Mapping rare, deleterious mutations in Factor H: Association with early onset, drusen burden, and lower antigenic levels in familial AMD

Abstract

The genetic architecture of age-related macular degeneration (AMD) involves numerous genetic variants, both common and rare, in the coding region of complement factor H (CFH). While these variants explain high disease burden in some families, they fail to explain the pathology in all. We selected families whose AMD was unexplained by known variants and performed whole exome sequencing to probe for other rare, highly penetrant variants. We identified four rare loss-of-function variants in CFH associated with AMD. Missense variant CFH 1:196646753 (C192F) segregated perfectly within a family characterized by advanced AMD and drusen temporal to the macula. Two families, each comprising a pair of affected siblings with extensive extramacular drusen, carried essential splice site variant CFH 1:196648924 (IVS6+1G>A) or missense variant rs139360826 (R175P). In a fourth family, missense variant rs121913058 (R127H) was associated with AMD. Most carriers had early onset bilateral advanced AMD and extramacular drusen. Carriers tended to have low serum Factor H levels, especially carriers of the splice variant. One missense variant (R127H) has been previously shown not to be secreted. The two other missense variants were produced recombinantly: compared to wild type, one (R175P) had no functional activity and the other (C192F) had decreased secretion.

Figure 1. Pedigree diagrams for families carrying rare, loss-of-function CFH variants.

(A) Pedigree A (CFH C192F), (B) Pedigree B (CFH IVS6 + 1G > A), (C) Pedigree C (CFH R175P), (D) Pedigree D (CFH R127H); ⚪ = female; ◽ = male; * = sequenced; ∅ = deceased; ⦁ and ◾ = affected with advanced AMD; “N” = confirmed unaffected; empty ⚪ and ◽  = unknown affection status; rare variant genotype listed below each sequenced subject.

Figure 2. Serum factor H levels according to carrier state of rare CFH variants.

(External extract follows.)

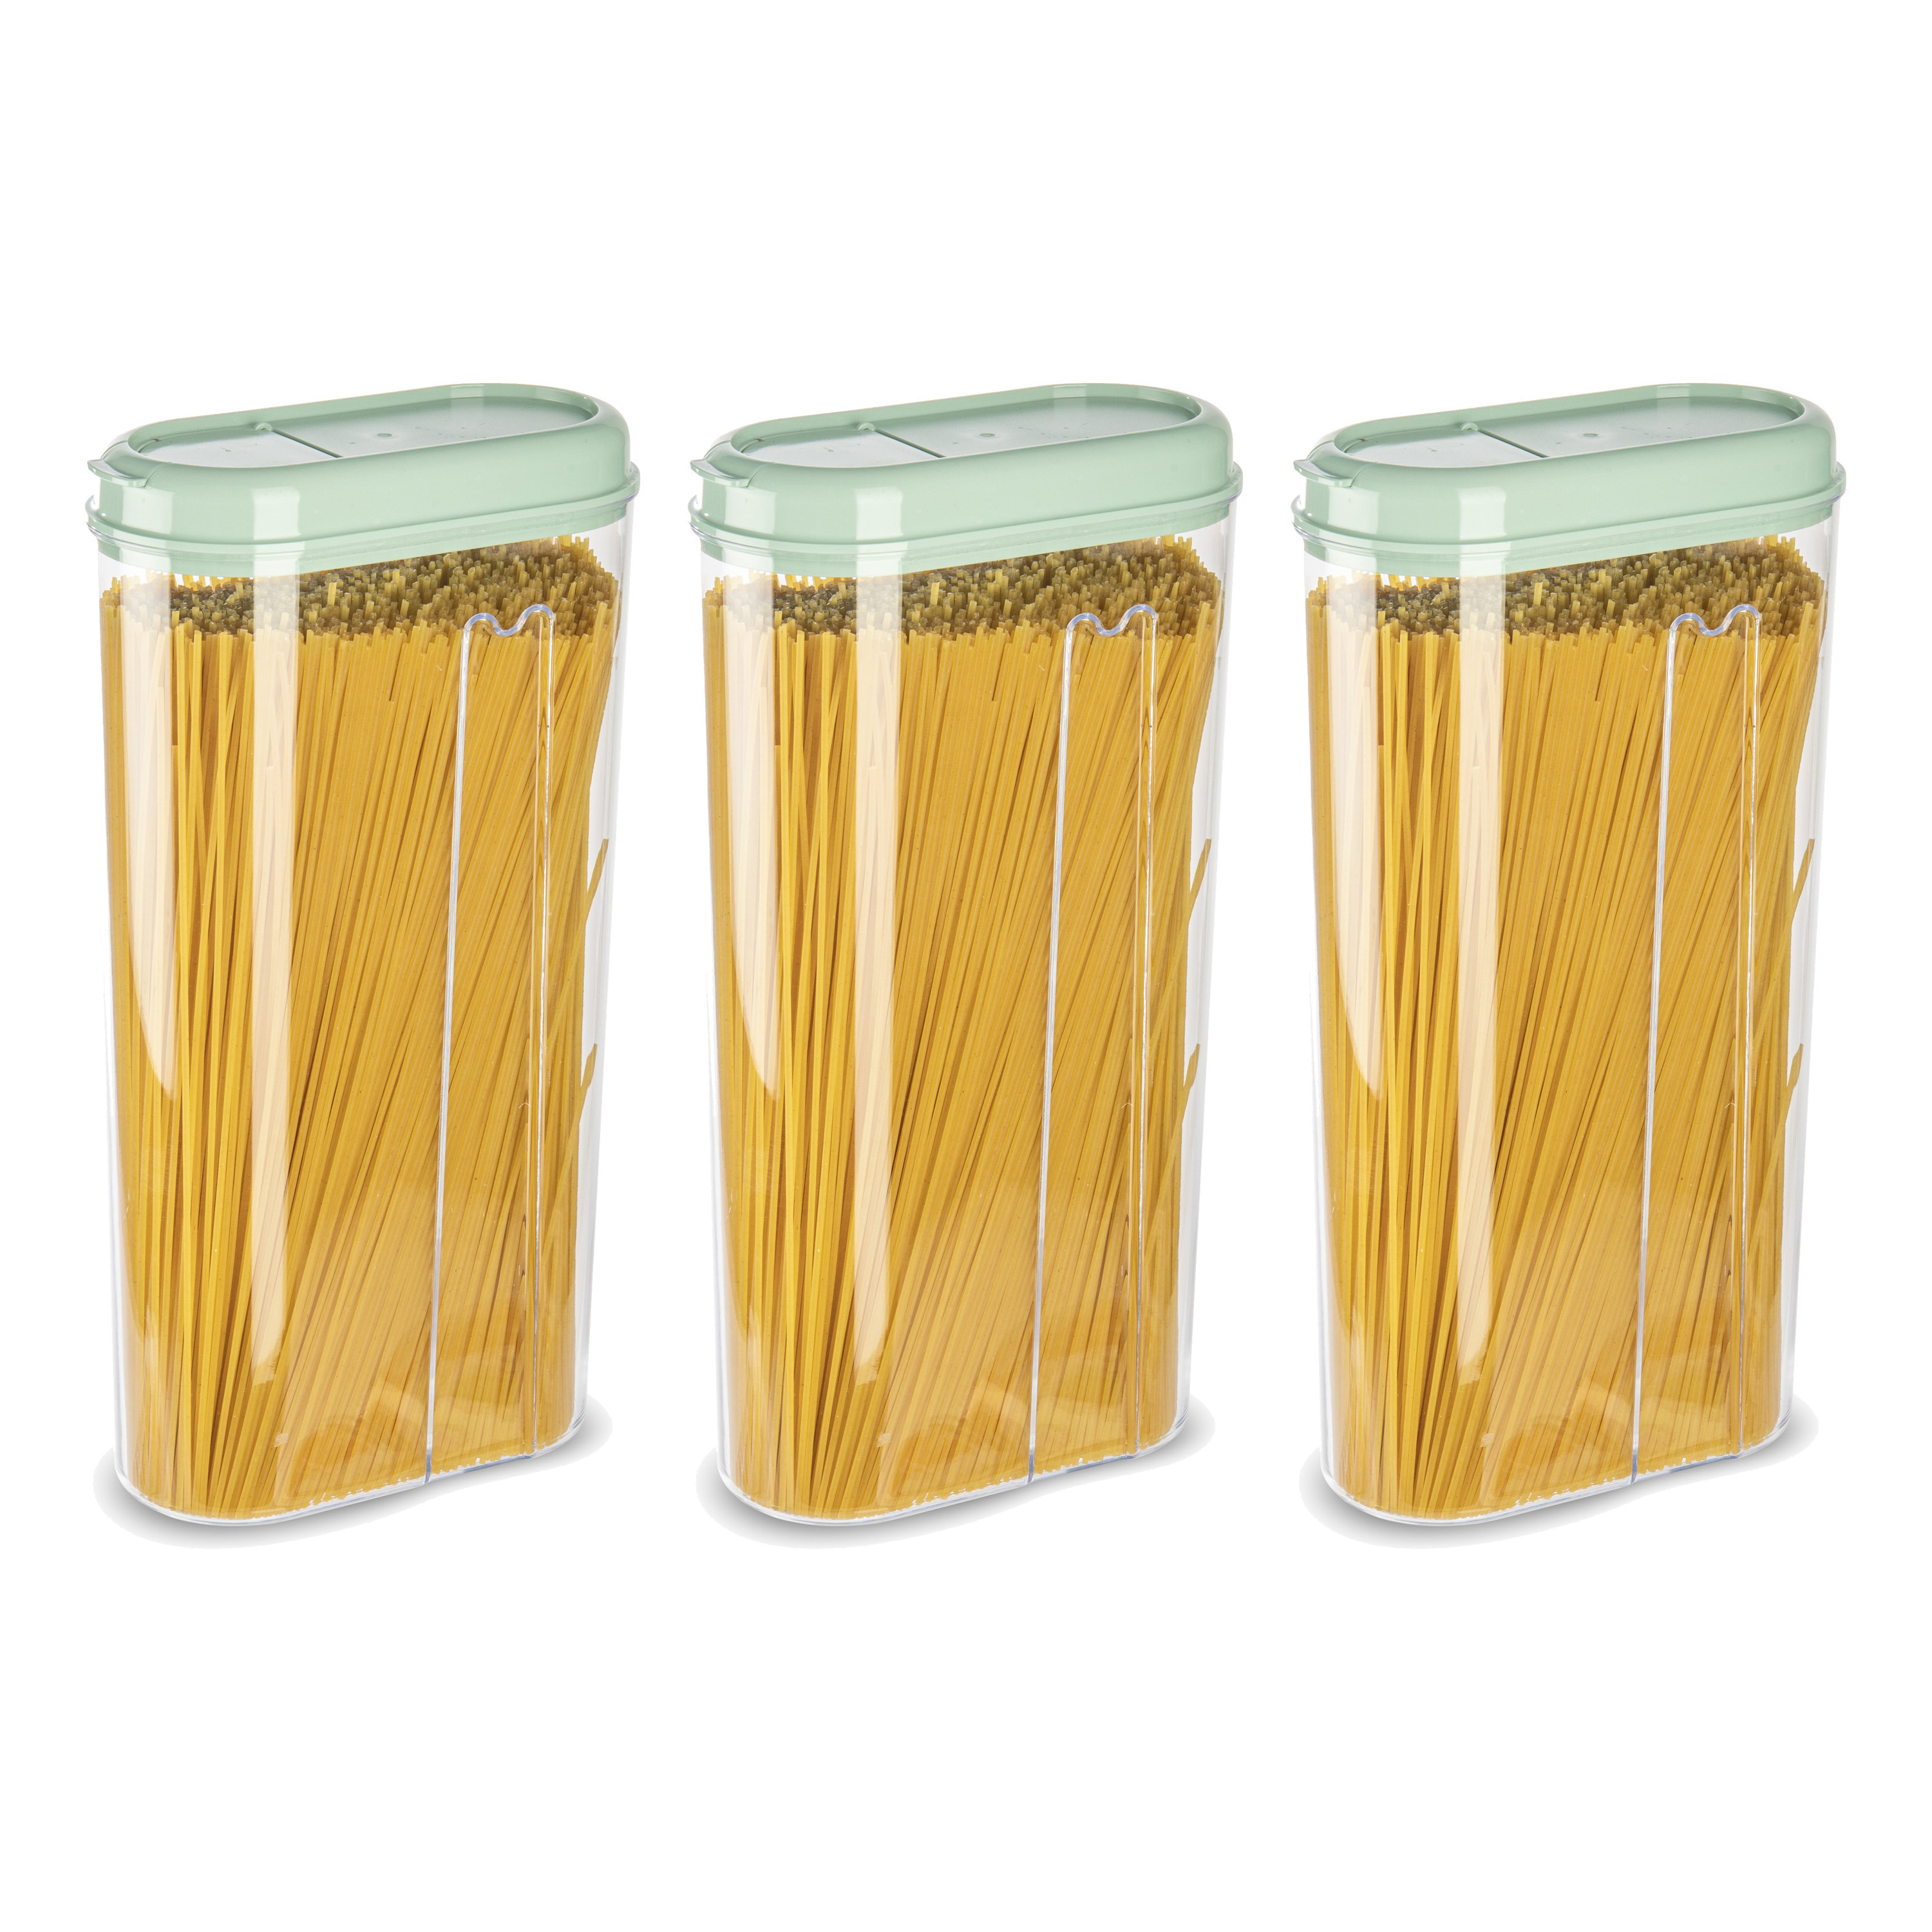 PlasticForte Voedselcontainer strooibus - 3x - mintgroen - 2350 ml - kunststof - 15 x 8 x 30 cm - voorraadpot -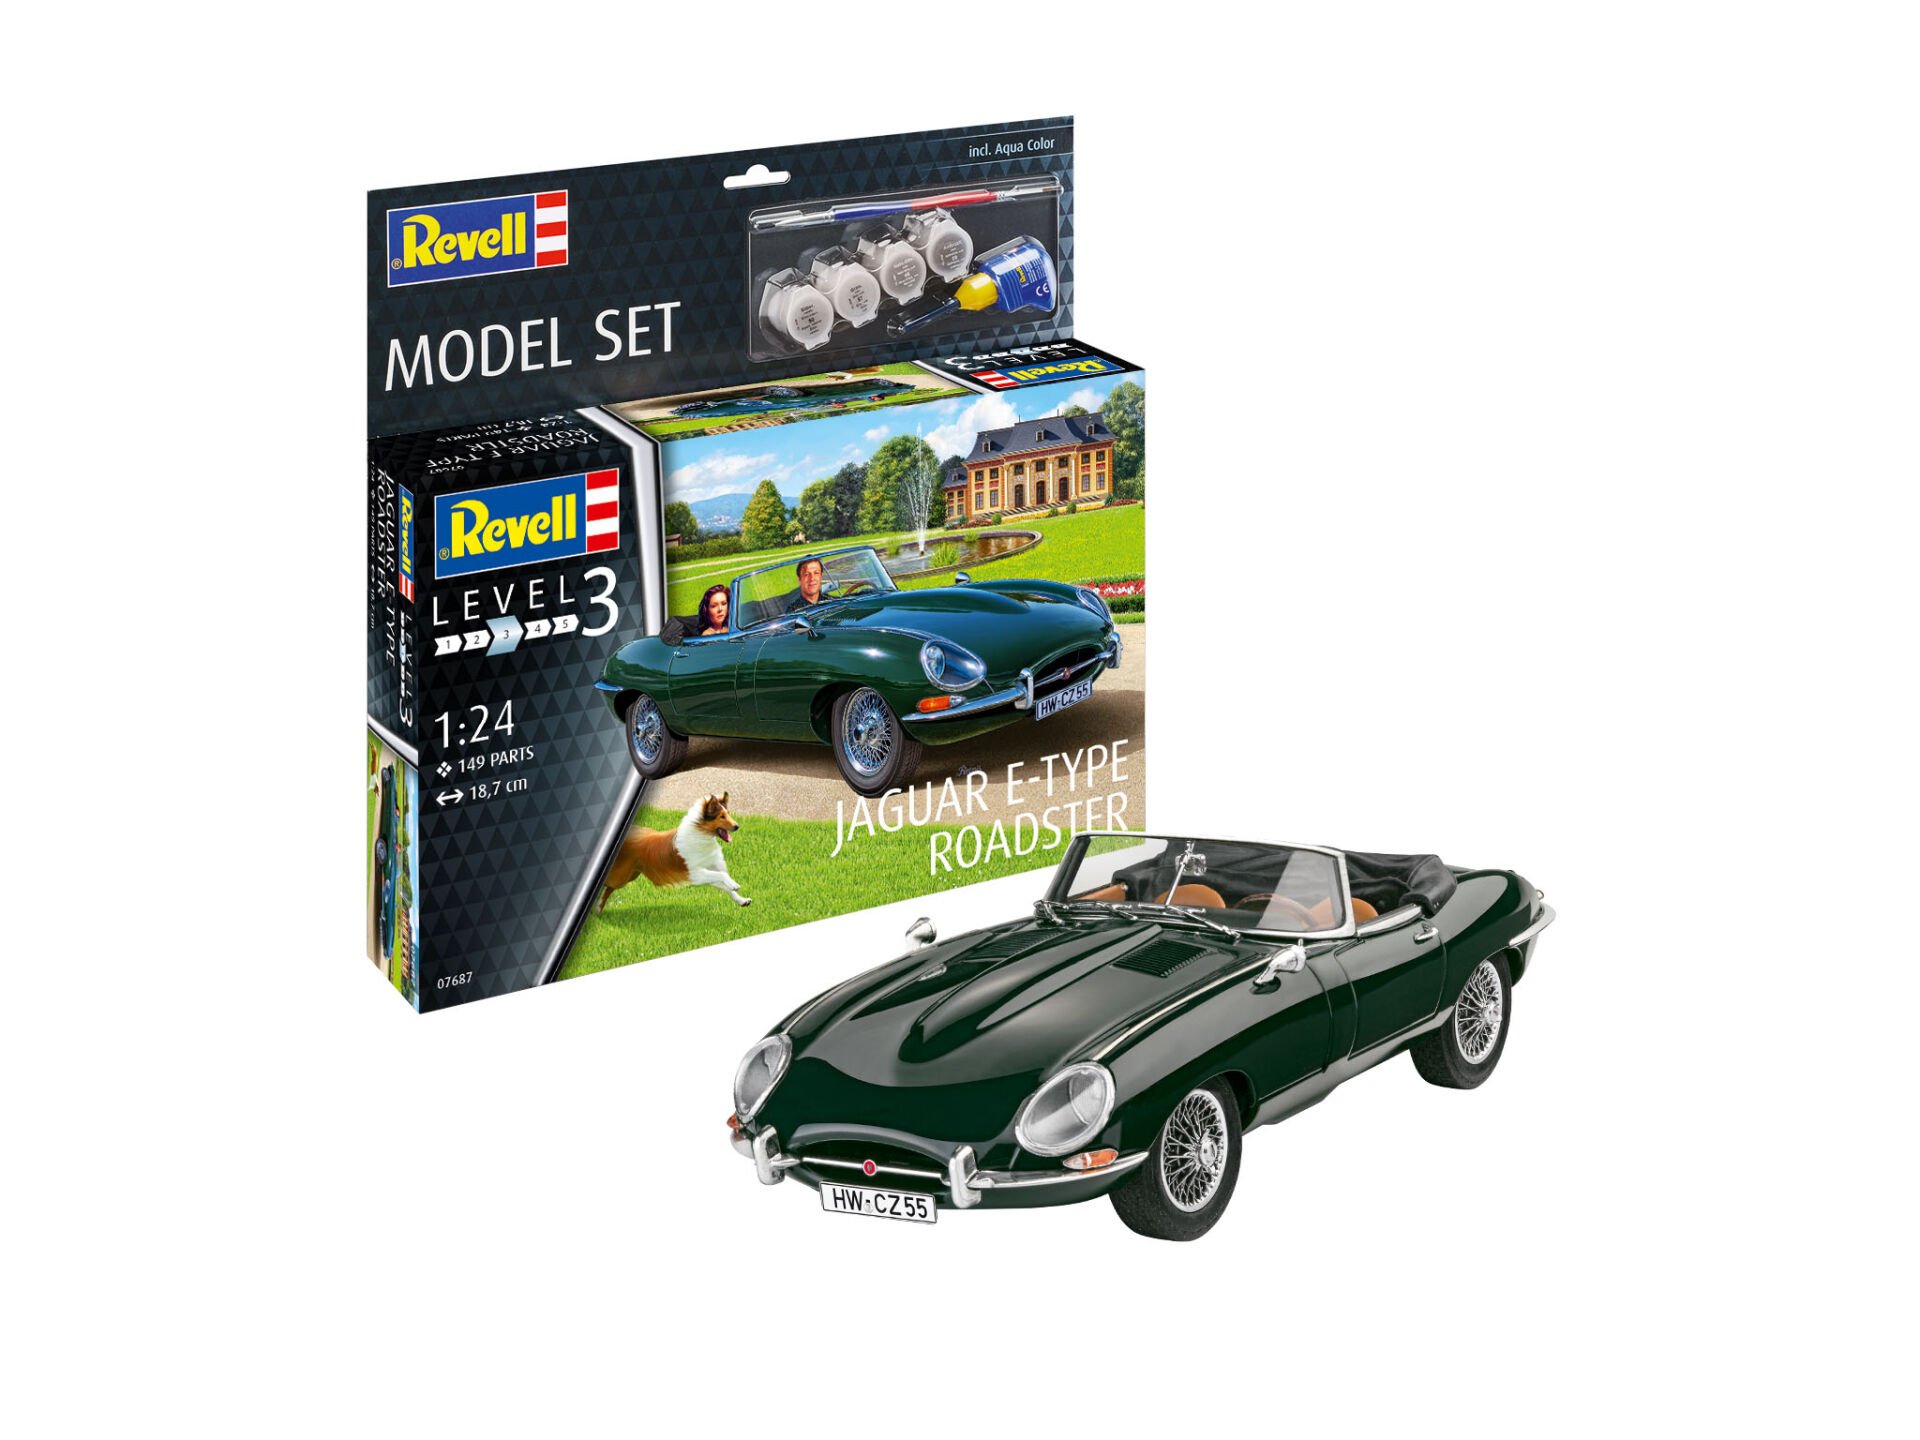 M.Set Jaguar E Type Roadster

⚪ = subjects carrying rare CFH variant; ▴ = subjects not carrying rare CFH variant. controls = CARMS grade 1 and no known rare variants in CFH; unrelated carriers of loss-of-function mutations = nonsense, splice-site, and loss of a conserved cysteine; normal clinical laboratory range = 160–412 μg/ml.

Figure 3. Fundus photographs from family members carrying rare CFH variants showing numerous large drusen and extramacular drusen.

Fundus color photographs of subjects in the four pedigrees: IV:5 from Pedigree A showing several large macular and extramacular drusen with retinal pigment epithelial irregularities in her left eye (OS) at age 71 (a) and extramacular drusen and macular pigment disruption following intravitreal anti-vascular endothelial growth factor injections OS after 8 years of follow-up (b). II:1 from Pedigree B showing numerous large macular and extramacular drusen with transition in her right eye (OD) from drusenoid retinal pigment epithelial detachments at age 64 (c) to geographic atrophy at age 76 (d). Subject II:2 from Pedigree C showing several drusen throughout the posterior pole OD (e) and OS (f) at age 55, with neovascular disease OS. Subject III:1 from Pedigree D showing numerous drusen OD at age 56 (g) and OS at age 54 (h); patient previously received laser treatment OD for neovascular macular degeneration. Some subjects progressed after date of images; last known phenotypes are shown in Table 2.